Valentin cocked his head, and Laska tried but could not read into the gesture. The Russian said, “I might know that name.”

“You are just like your father. Not trusting.”

“I am like most all Russians in that regard, Mr. Laska.”

Paul Laska nodded in recognition of the truth of the comment. In reply he said, “This exercise will not require your trust. John Clark is a close confidant of Jack Ryan. They have worked together, and they are friends.”

“Okay. Please continue. What does the file say?”

“Clark was a CIA assassin. He did the bidding of Jack Ryan. Ryan signed a pardon for this. Do you know what a pardon is?”

“I do.”

“But I think Clark has done other things. Things that, if brought out into the light of day, will implicate Ryan directly.”

“What things?”

“You need to get your service’s file on Clark and put it with my file on Clark.”
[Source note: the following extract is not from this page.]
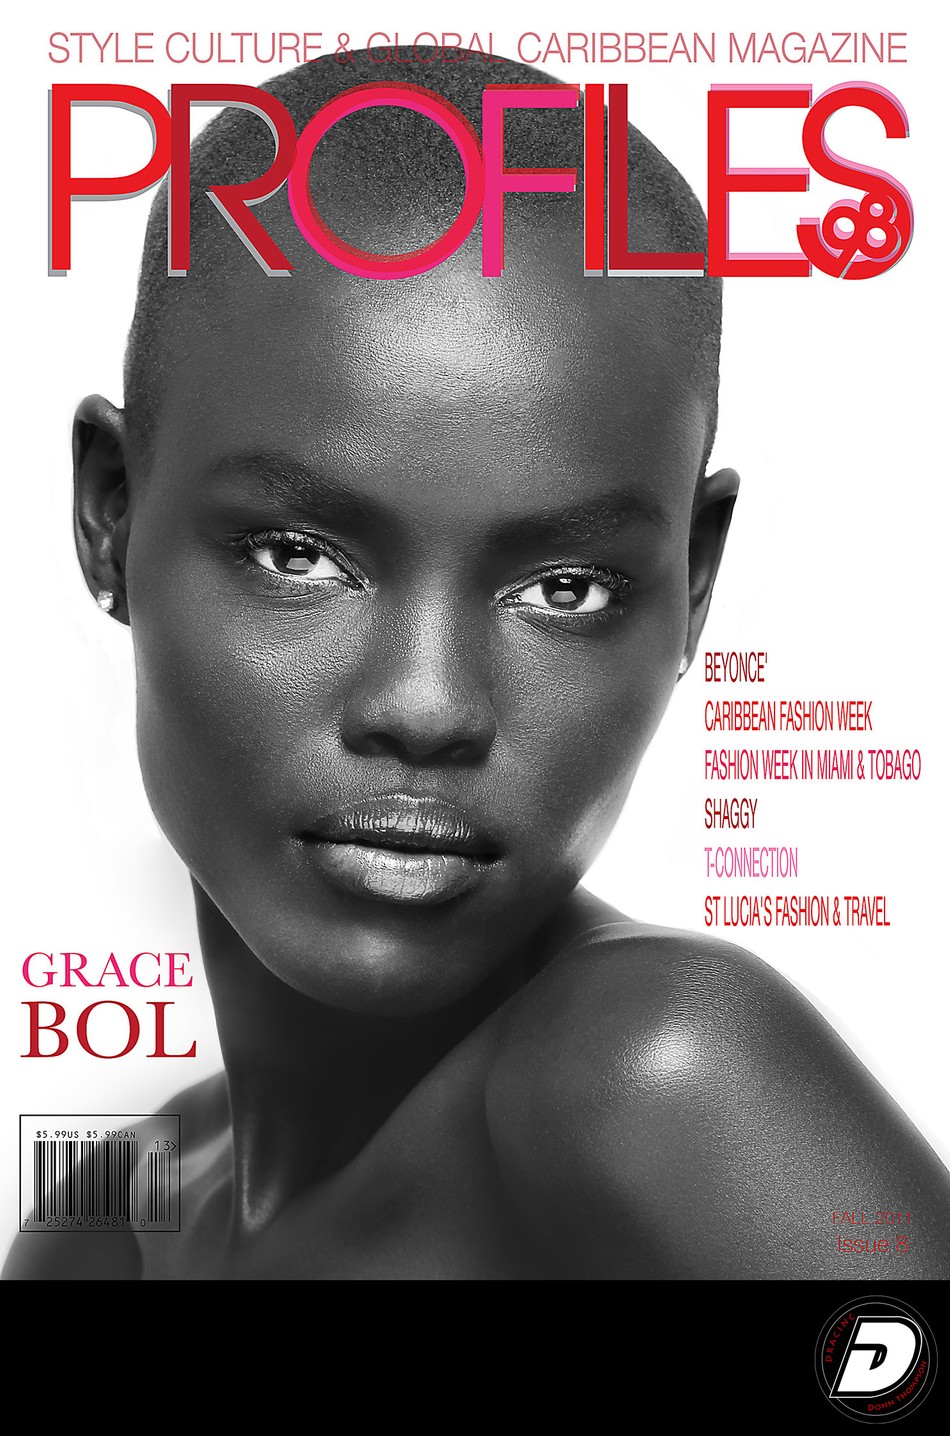 Bahamas Profiles98 Magazine Celebrity Photographer

“If we had such a document already, that is to say, a file on this John Clark that had incriminating evidence, do you not think we would have exploited it by now? During the first Ryan presidency, perhaps?”

Laska waved away the comment. “Very quickly and quietly your service should reinterview anyone, anywhere, with knowledge of the man or his operations. Make one large dossier, with every truth, half-truth, and innuendo.”

“And then?”

“And then I want you to give it to the Kealty campaign.”

“Why?”

“Because I cannot let it be known who my source of this information is. The file must come from someone else. Someone out of the USA. I want your people to dress it up with what you have to disguise the source.”